Im vorliegenden Fall wurden die Beschwerdeführer 2.1 und 2.2 (unabhängig davon, ob sie das Schreiben vom 12. September 2024 erhalten haben oder nicht) von der Schulleitung über das Fehlverhalten des Beschwerdeführers 1 orientiert, bevor eine Disziplinarmassnahme ausgesprochen wurde. Am 3. Dezember 2024 fand ein Gespräch zwischen dem Rektor, dem Beschwerdeführer 1 und der Beschwerdeführerin 2.2 (Mutter) statt. Mit Schreiben vom 20. Dezember 2024 konkretisierte die Schulleitung die Vorwürfe. Die Beschwerdeführer erhielten die Gelegenheit zu einer schriftlichen Stellungnahme, welche sie mit Schreiben vom 6. Januar 2025 auch wahrnahmen. Entsprechend den vorstehenden Ausführungen lässt sich dieses Vorgehen nicht beanstanden; ein weitergehender Anspruch lässt sich weder aus der Schulgesetzgebung ableiten noch ergibt er sich gestützt auf eine andere Grundlage.

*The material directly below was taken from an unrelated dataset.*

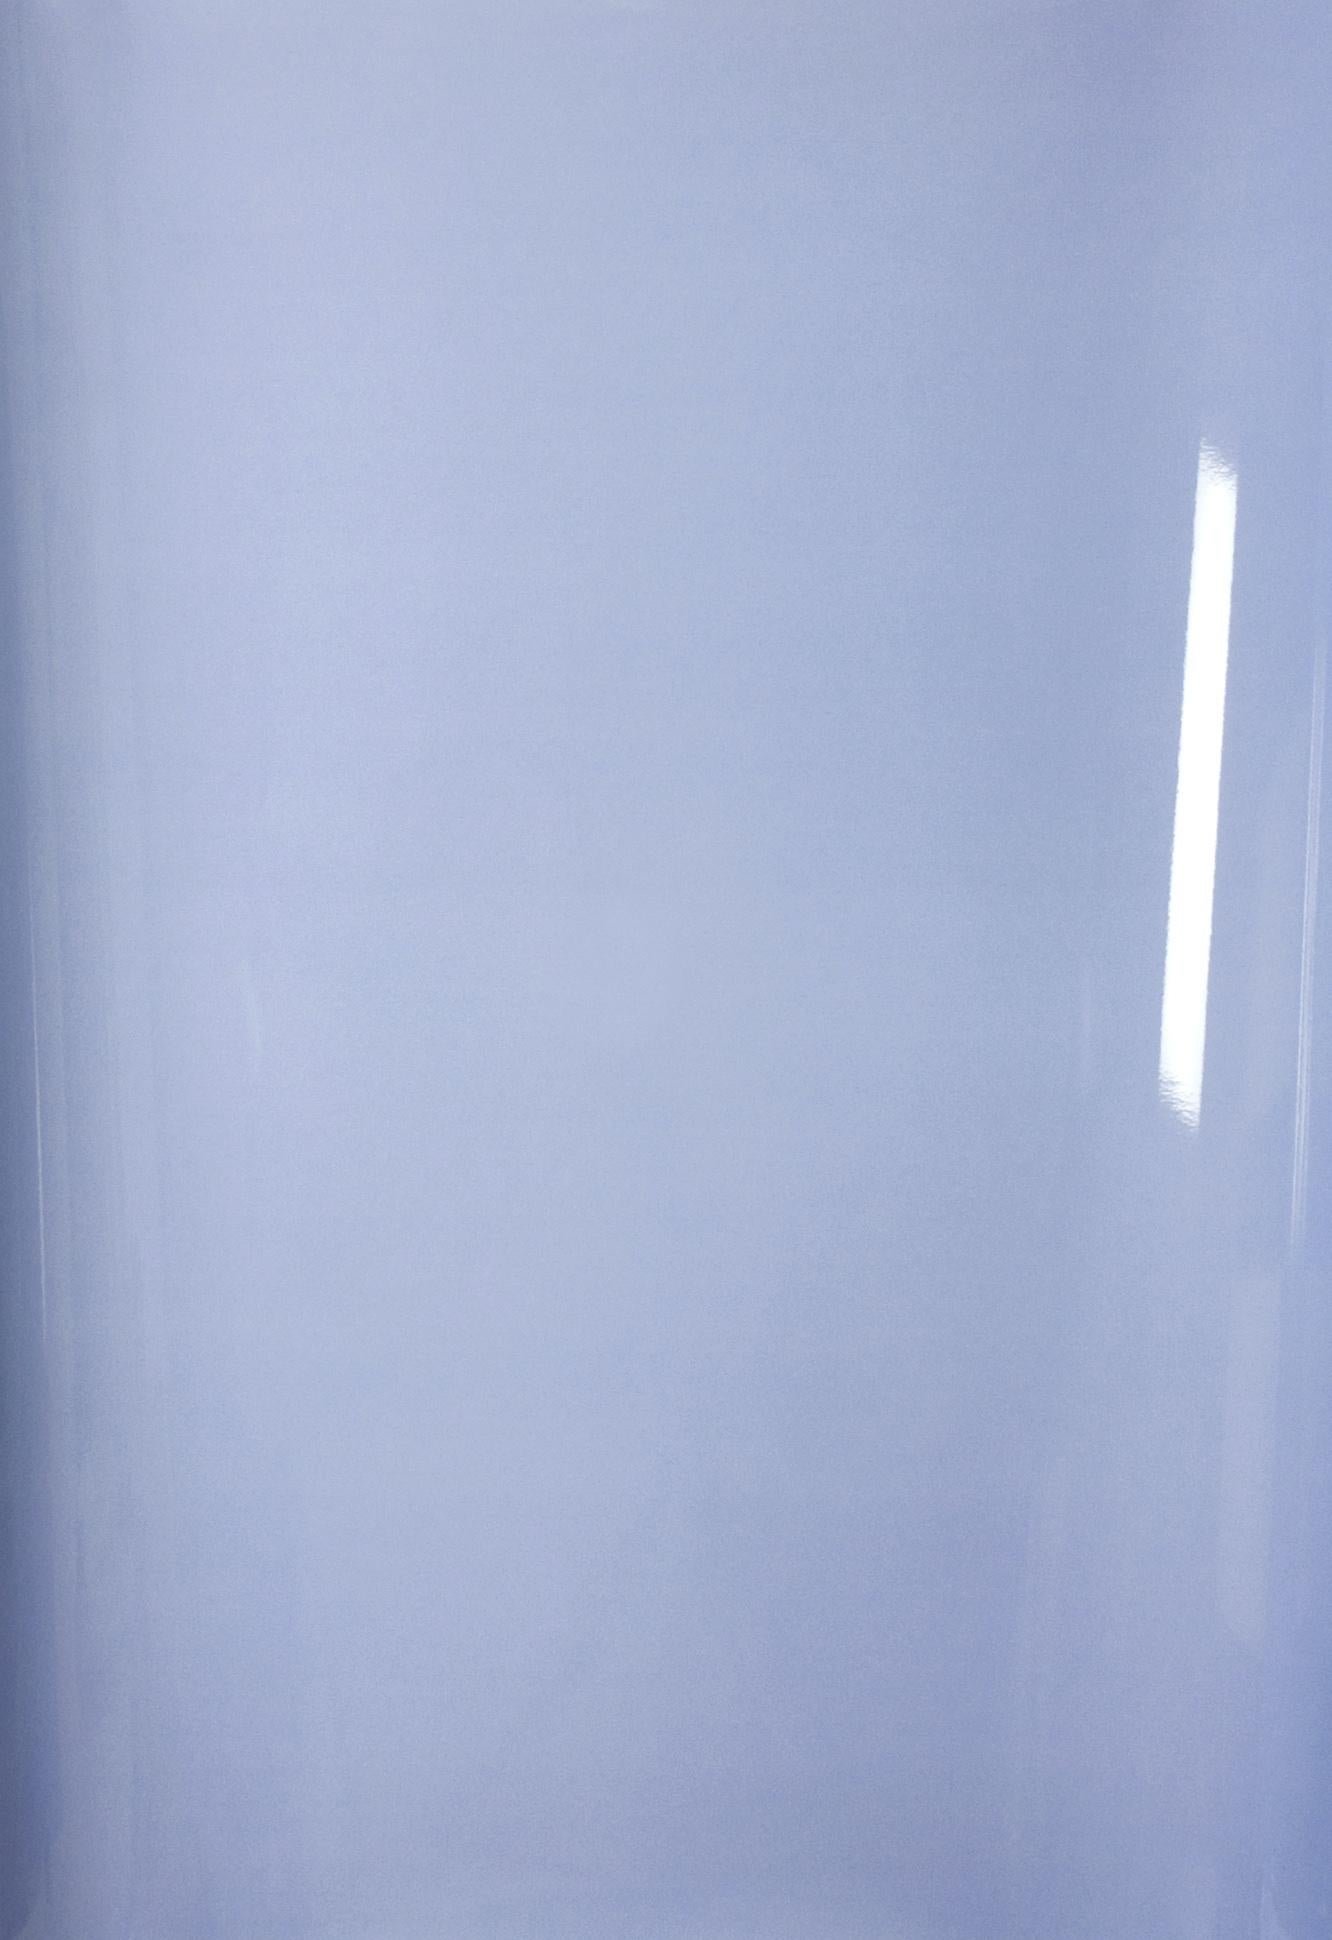 Schatten auf Papier, Nr. 2 – Zeitgenössische abstrakte blaue monochrome Fotografie

3. 3.1. Disziplinarische Massnahmen sind administrative Sanktionen gegenüber Personen, die in einem Sonderstatusverhältnis stehen wie zum Beispiel Schülerinnen und Schüler. Sie dienen namentlich der Aufrechterhaltung der Ordnung der Verwaltungsbehörden (HÄFELIN/MÜLLER/UHLMANN, a.a.O., Rz. 1505). Die Bestimmung von Art und Mass der zu ergreifenden Disziplinarsanktion ist vorab Sache der zuständigen Behörde, die aber das ihr zukommende Ermessen pflichtgemäss auszuüben und insbesondere die Gebote der Rechtsgleichheit und der Verhältnismässigkeit einzuhalten hat (WIEDERKEHR/RICHLI, Praxis des allgemeinen Verwaltungsrechts, Band I, 2012, Rz. 3153, 3157 mit Hinweisen).

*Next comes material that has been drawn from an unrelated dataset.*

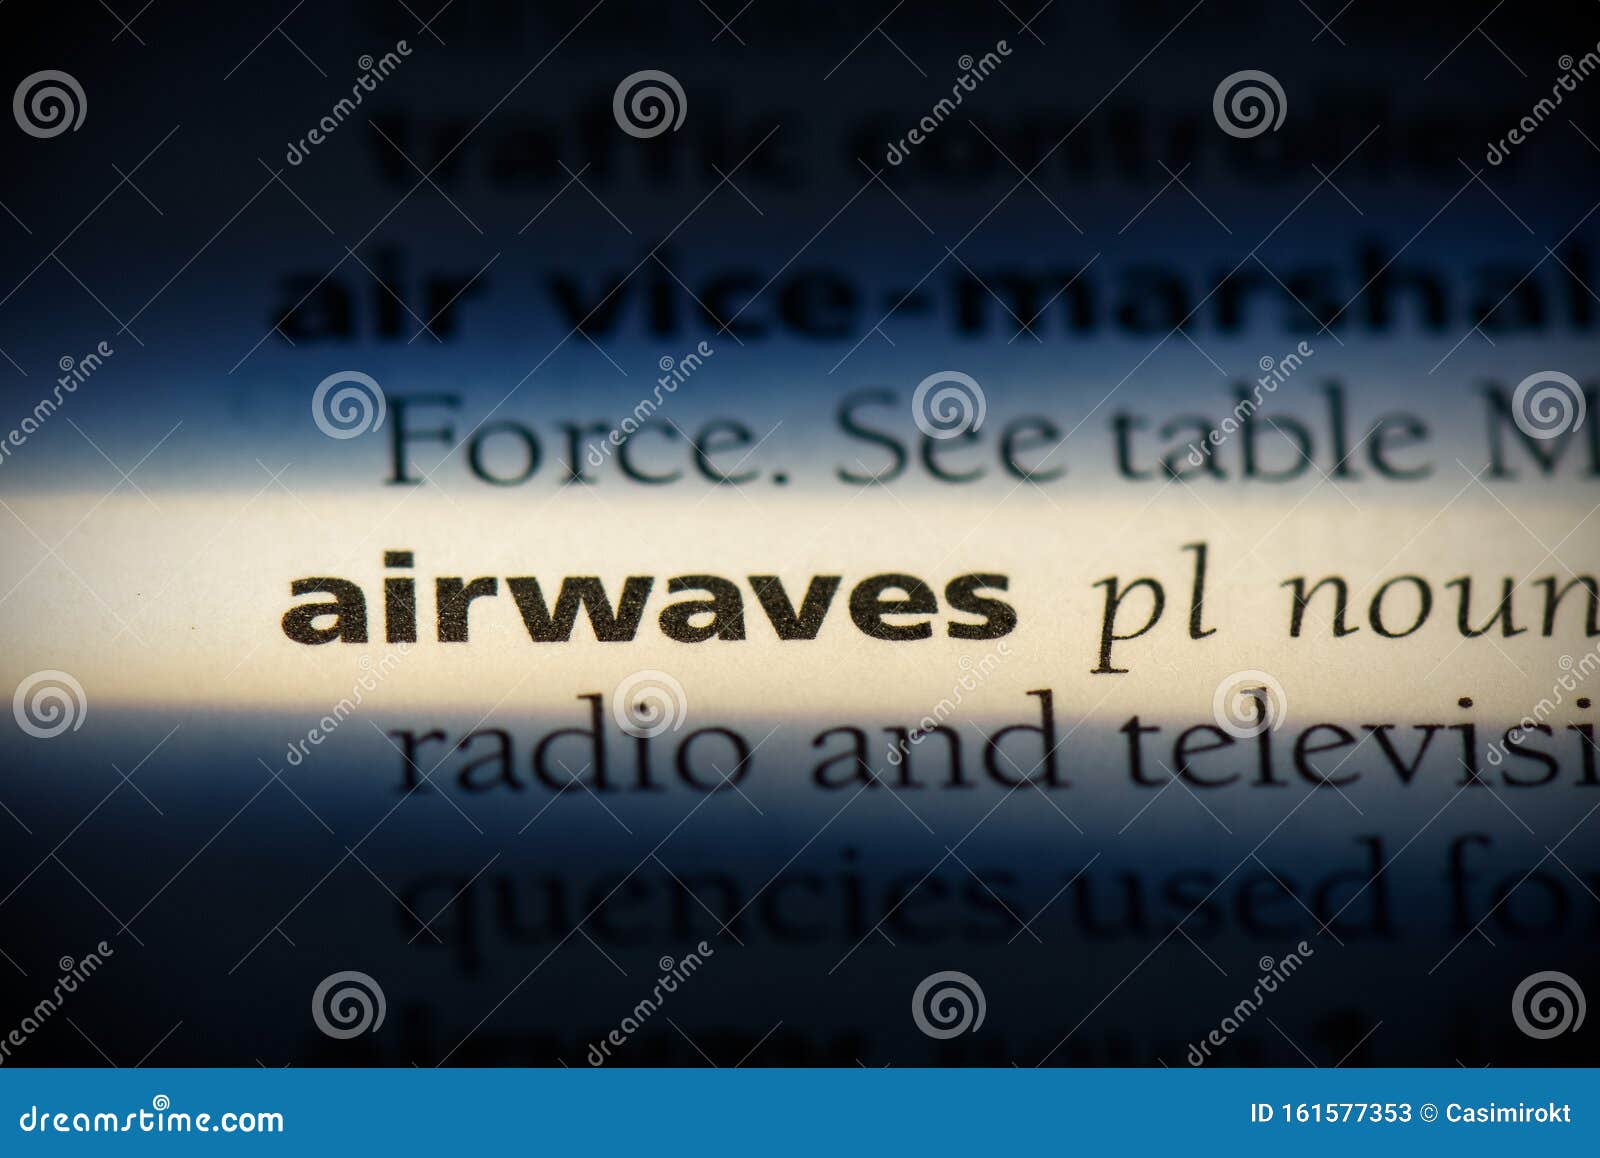 airwaves

3.2. Das Erfordernis des Rechtssatzes und das Erfordernis der Gesetzesform gelten auch für Disziplinarmassnahmen. Wenn die Disziplinierten in einem Sonderstatusverhältnis stehen, sind an die Bestimmtheit des Rechtssatzes

- 11 und an das Erfordernis der Gesetzesform keine allzu hohen Anforderungen zu stellen (HÄFELIN/MÜLLER/UHLMANN, a.a.O., Rz. 1514). Die gesetzliche Grundlage für die Androhung der Wegweisung ist vorliegend gegeben (§ 48 Abs. 1 lit. b Mittelschuldekret).

3.3. 3.3.1. Die Vorinstanz führt aus, der Beschwerdeführer 1 habe seit seinem Eintritt ins Gymnasium wiederholt gegen die Regeln der Hausordnung verstossen, Anweisungen von Lehrpersonen und der Schulleitung nicht befolgt und sich gegenüber Mitschülerinnen und Mitschülern, aber auch gegenüber Lehrpersonen immer wieder unangemessen, unanständig, verletzend und diskriminierend geäussert.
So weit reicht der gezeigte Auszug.